This configuration setting above will create a Kubernetes deployment object, set to launch a Node.js application designed to simulate a memory leak issue when subjected to a high volume of requests. The deployment consists of three replica pods, each running the Docker image named “mercybassey/memory-leak”.

The liveness probe associated with each pod sends HTTP GET requests to the “health-check” endpoint on port 3000 of the container, starting 15 seconds after the pod launches and repeating every 5 seconds thereafter.

Should the Node.js application become unresponsive (and hence, the liveness probe fails), Kubernetes will take a corrective action by automatically restarting the container which will temporarily handle the memory leak until a permanent fix is implemented in the application’s code.

To create this deployment, execute the following kubectl command:

kubectl apply -f node-app.yaml

Run the kubectl commands to view the deployment and the pods created by the deployment:

kubectl get deployment
kubectl get pods

Next, we need to expose the “node-app” deployment via a Kubernetes service object to facilitate HTTP GET requests to the pods.

Create a “yaml” file named “service.yaml” with the following configuration:

# service.yaml
apiVersion: v1
kind: Service
metadata:
  name: nodejs-service
spec:
  selector:
    app: node-app
  type: NodePort
  ports:
    - port: 3000
      targetPort: 3000
      nodePort: 30000

This configuration will create a Kubernetes service object of the NodePort type, thereby exposing the “node-app” deployment on port 3000.

To create this service object, run the following kubectl command:

kubectl apply -f service.yaml

Run the following kubectl command to view the service:

kubectl get services

To observe the liveness probe in action, we need to direct a large volume of HTTPS GET requests to the “/health-check” route.
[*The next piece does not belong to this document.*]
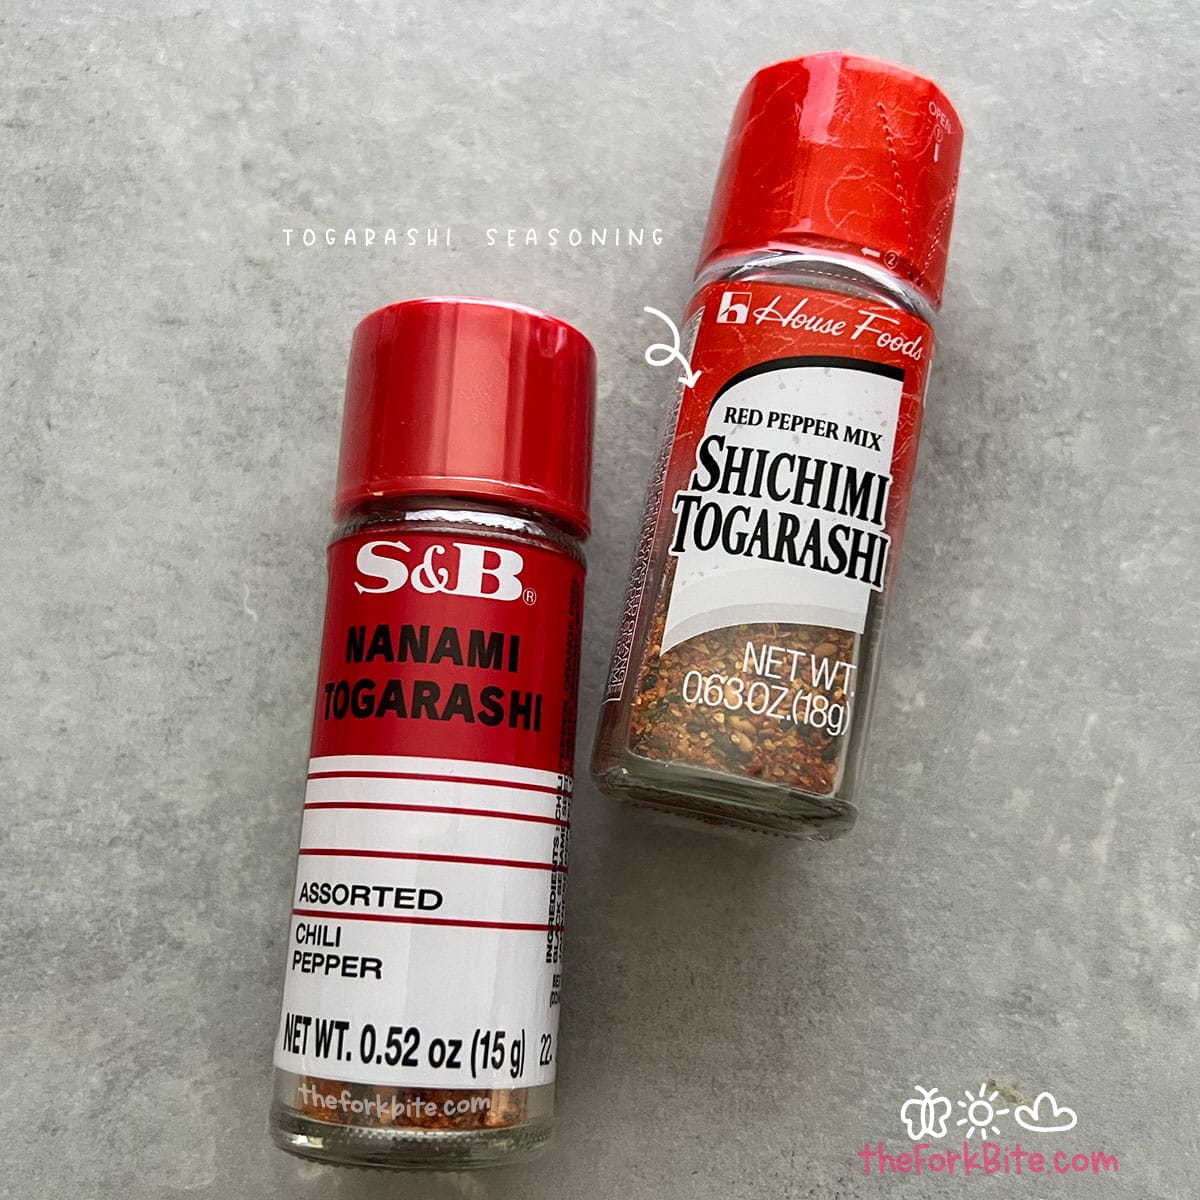 Despite having similar ingredients, the proportions are slightly different. Chili pepper is more dominant than other spices in Shichimi togarashi, in contrast to Nanami togarashi, which is more balanced. 

This can be accomplished using a load testing tool or HTTP benchmarking tool such as Siege which we will deploy on our Kubernetes cluster.
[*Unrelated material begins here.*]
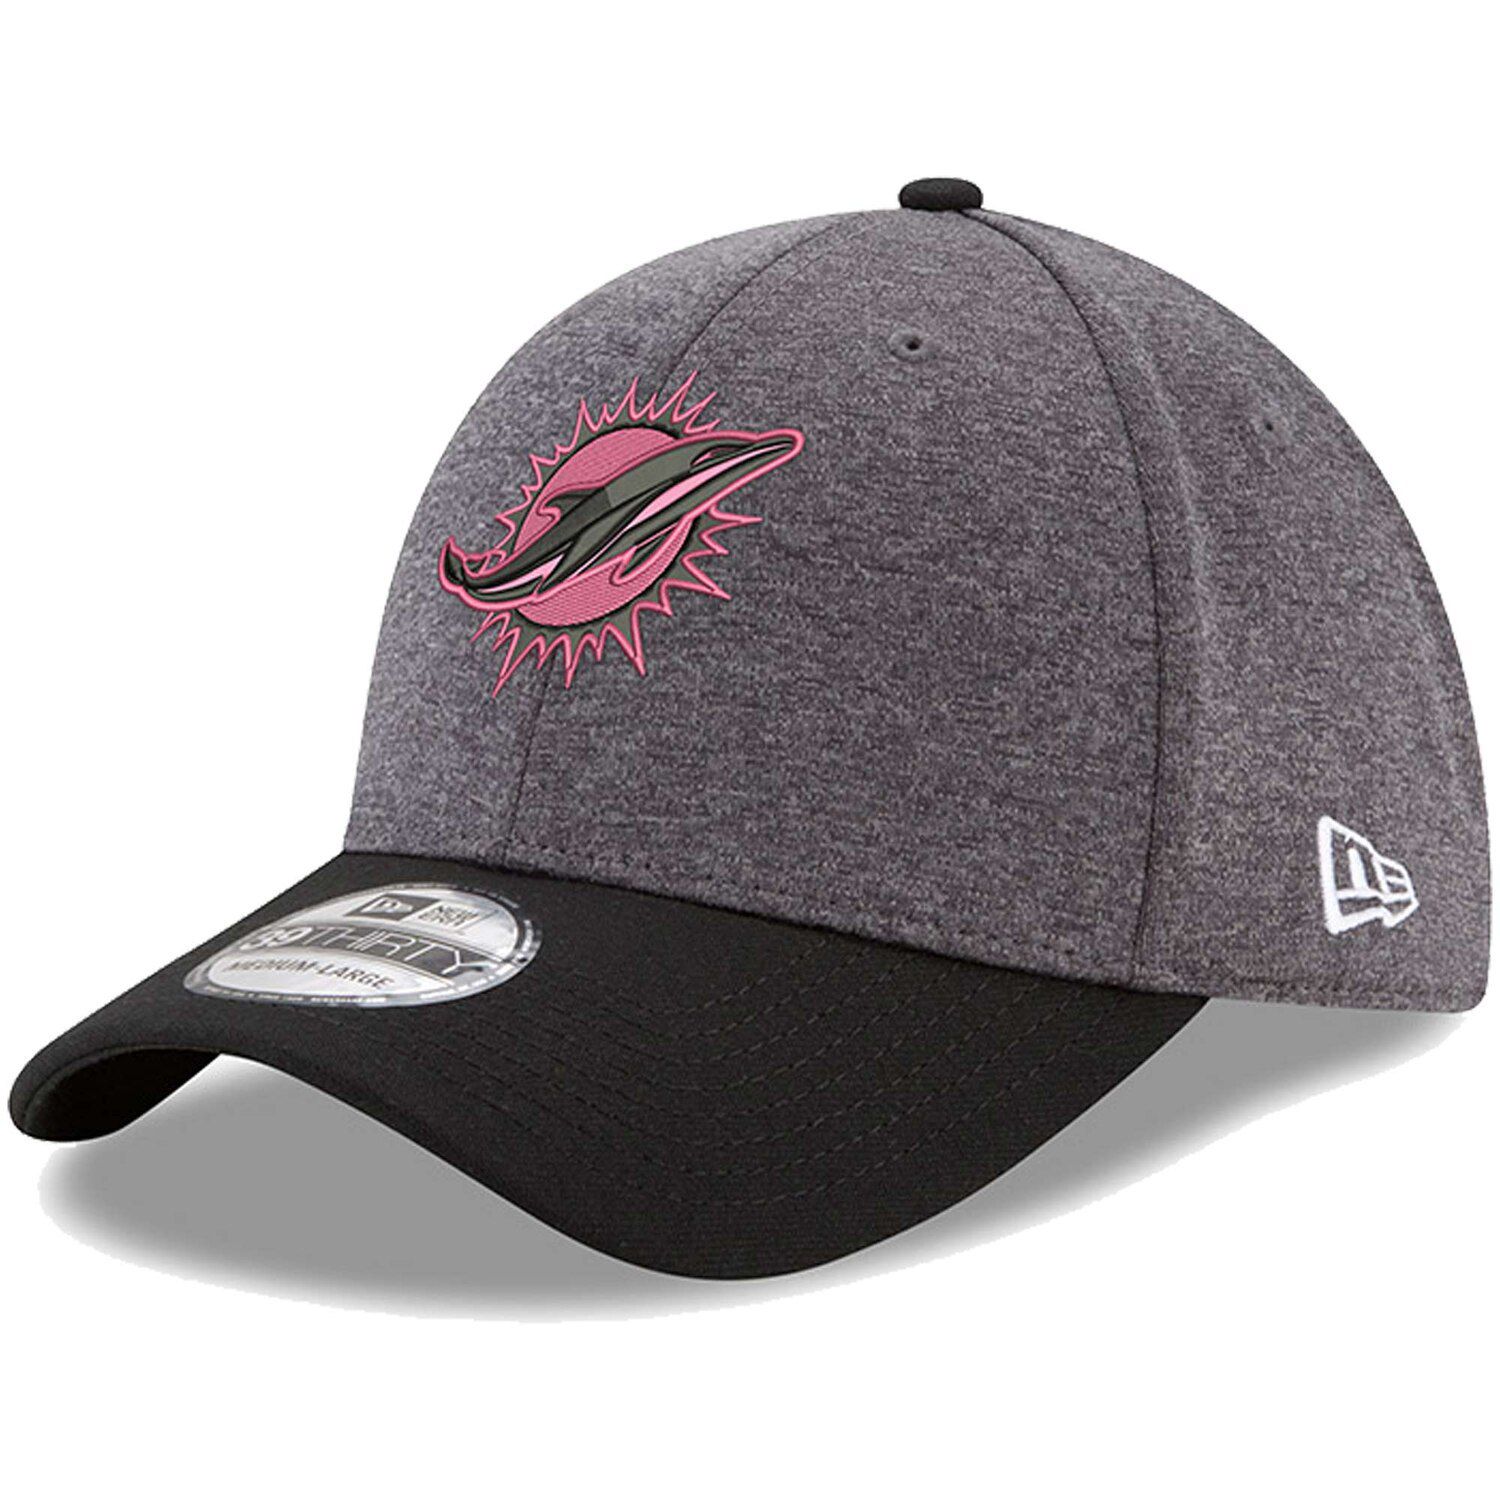 pink miami dolphins hat

Create a “yaml” file named “siege” with the following code:

# siege.yaml
apiVersion: apps/v1
kind: Deployment
metadata:
  name: siege
spec:
  replicas: 1
  selector:
    matchLabels:
      app: siege
  template:
    metadata:
      labels:
        app: siege
    spec:
      containers:
      - name: siege
        image: dockersec/siege
        command: ["siege", "-c", "40", "-t", "1M", "http://10.245.221.142:3000/"]
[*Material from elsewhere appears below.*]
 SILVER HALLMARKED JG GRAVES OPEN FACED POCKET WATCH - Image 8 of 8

Considering the code above, a Kubernetes deployment object will be created using the “dockersec/siege” image, which is a pre-built image for the Siege load testing tool. The command specified in the command field tells Siege to run a load test with 40concurrent users (-c 40) for 1 minute (-t 1M) against the specified URL (http://10.245.221.142:3000/) which is in this case the NodePort service exposing our Node.js deployment.

Now use the following kubectl command to create and view this deployment:

kubectl apply -f siege.yaml
kubectl get deployments

To observe the liveness probe in action, you can periodically monitor the status of the pods by executing the following command:

kubectl get pods

At this stage, you shouldn’t notice any restarts. However, as you continuously monitor the status using the above command, you may eventually notice an increment in the “restarts” count:

This indicates that the liveness probe is doing its job by telling Kubernetes when to restart unresponsive pods.

When the Siege load testing tool completes its one-minute runtime, the siege pod will transition into a completed state, indicating that it has finished its task.

Subsequently, the siege pod prepares to initiate another round of requests, with the intensity of 40 concurrent requests per minute.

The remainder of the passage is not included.